Furthermore, as the sun was shining and the dog was pining for a walk, the pub was an ever-present temptation but, as the dog was the main suspect when it came to putting teeth marks in the tyres of the mower, his concerns were low down our list of priorities and the grass came first.
Anyway, despite the fact the it took us the best part of two man-days to accomplish, the job got done.
It was difficult, time consuming, unpleasant and expensive but, a bit like Brexit (which may take a billion man-days to effect), after we’d put a couple of stripes in the foot-high grass at limited cost to ourselves up to that point, we were told by our aloof and insulated-from-the-effort-involved-and-the-consequences bosses that there was no turning back.
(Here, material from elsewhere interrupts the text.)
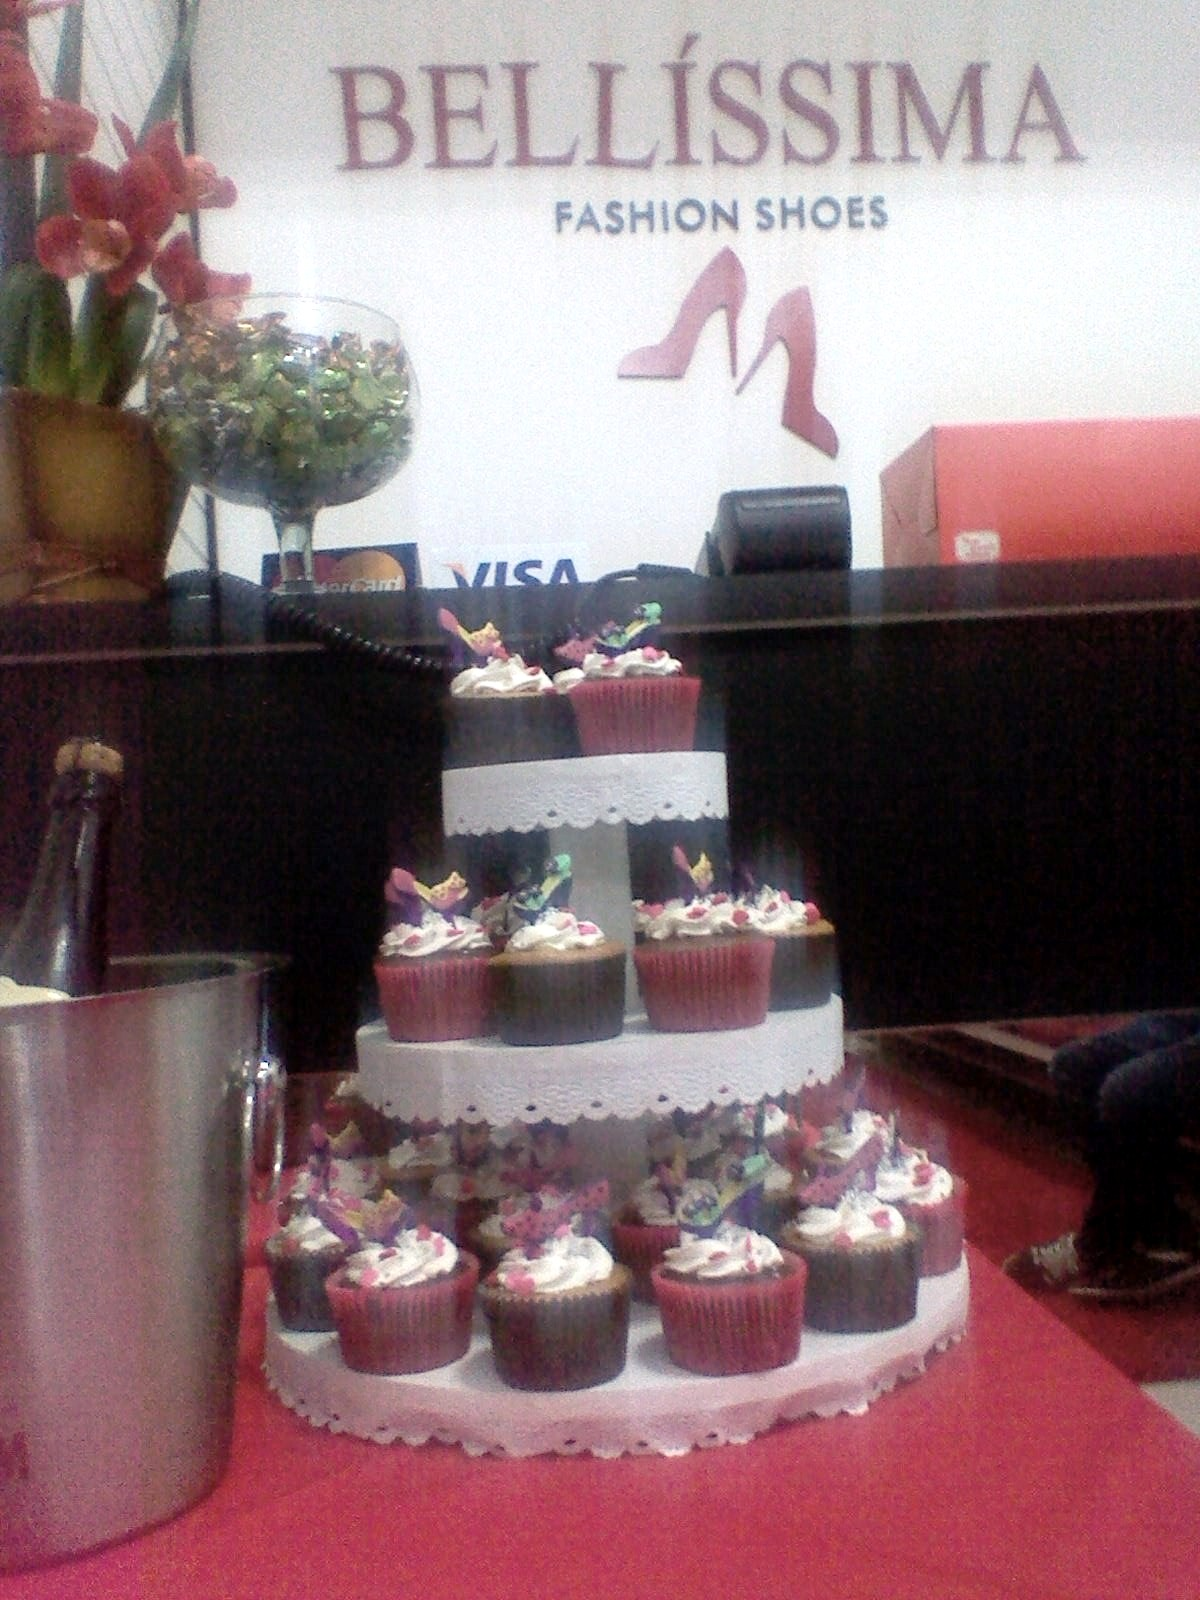 Bellíssima Fashion Shoes (Santo André - Centro) - Home ...

FULHAM SHORE FULL YEAR TRADING UPDATE:
o FUL numbers in line, aiming for a ‘nationwide presence throughout the UK’. Will open c15 units this year
o FUL updates on trading for full year to 26 March saying will report results ‘in line with market expectations’
o FUL update: Group says it is opening a unit in Italy. It says the seasonal unit will be ‘by the sea, located on the island of Salina, north of Sicily. This will be operated as a franchise and Franco Manca will invest approximately £100,000 alongside local and international investors.’
o FUL update: Co says ‘we have ended the financial year with 45 restaurants, comprising 32 Franco Manca, 12 The Real Greek and 1 Bukowski Grill franchise.’
o FUL reports ‘we opened 13 new Franco Manca pizzeria and 3 The Real Greek during the year, including our first smaller Greek on the Street concept.’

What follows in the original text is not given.